General information
- Type: two seat light aircraft
- National origin: United Kingdom
- Manufacturer: Miles Aircraft Ltd.
- Designer: George Herbert Miles
- Number built: 1

History
- First flight: 3 June 1945

= Miles M.64 L.R.5 =

The Miles M.64 L.R.5 was a two-seat light aircraft, designed in the United Kingdom, for private and club use in 1944-1945.

==Design and development==
A small band of enthusiasts at Miles' Liverpool road factory, (L.R.5 - 5th design from Liverpool Road) gained permission from George Miles to design and build a light aircraft for possible production after the end of the Second World War. Miles gave his permission and also agreed to the company supplying any materials required.

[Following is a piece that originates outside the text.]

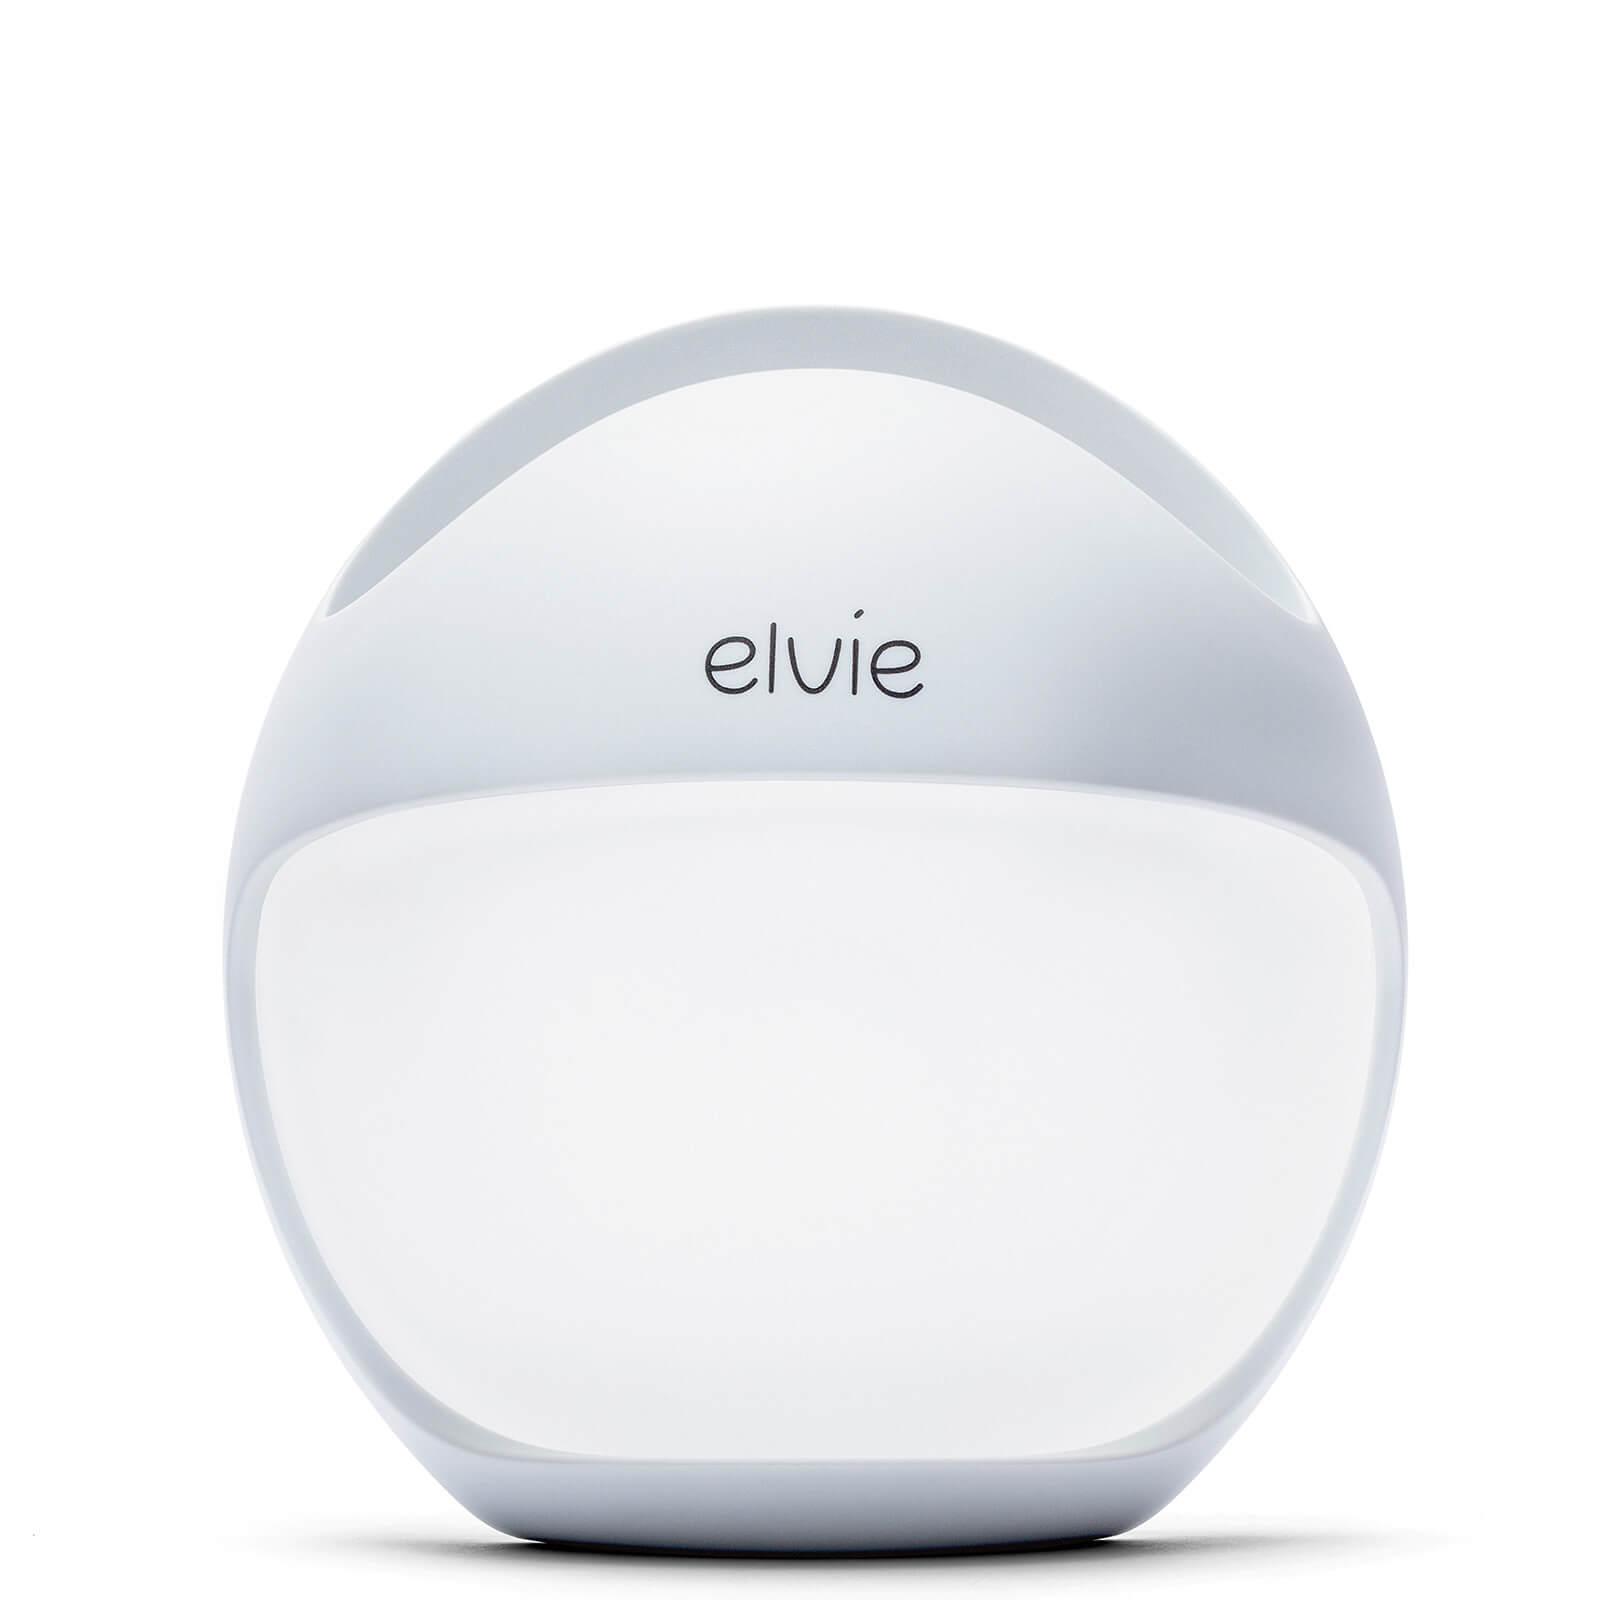 Elvie Curve Silicone Breast Pump

The L.R.5 emerged in 1945 as a single-engined, wooden, low-wing monoplane with a fixed tricycle undercarriage, powered by a 100 hp Blackburn Cirrus Minor 4-cylinder, air-cooled, inverted, in-line piston aircraft engine. The spacious side-by-side configuration cockpit was covered by a large plexiglas canopy with car-type entry doors on both sides. The undercarriage included levered sprung main legs and a steerable nosewheel.

Due to disappointing flight test results and higher priority given to established production aircraft, development of the L.R.5 was abandoned.

==Operational history==
George Miles flew the prototype, which had been allocated the experimental registration U-0253 (later U-6), on 3 June 1945, but although flight test results were disappointing at low speeds, on take-off and landing, the L.R.5 was pleasant to fly and had excellent visibility.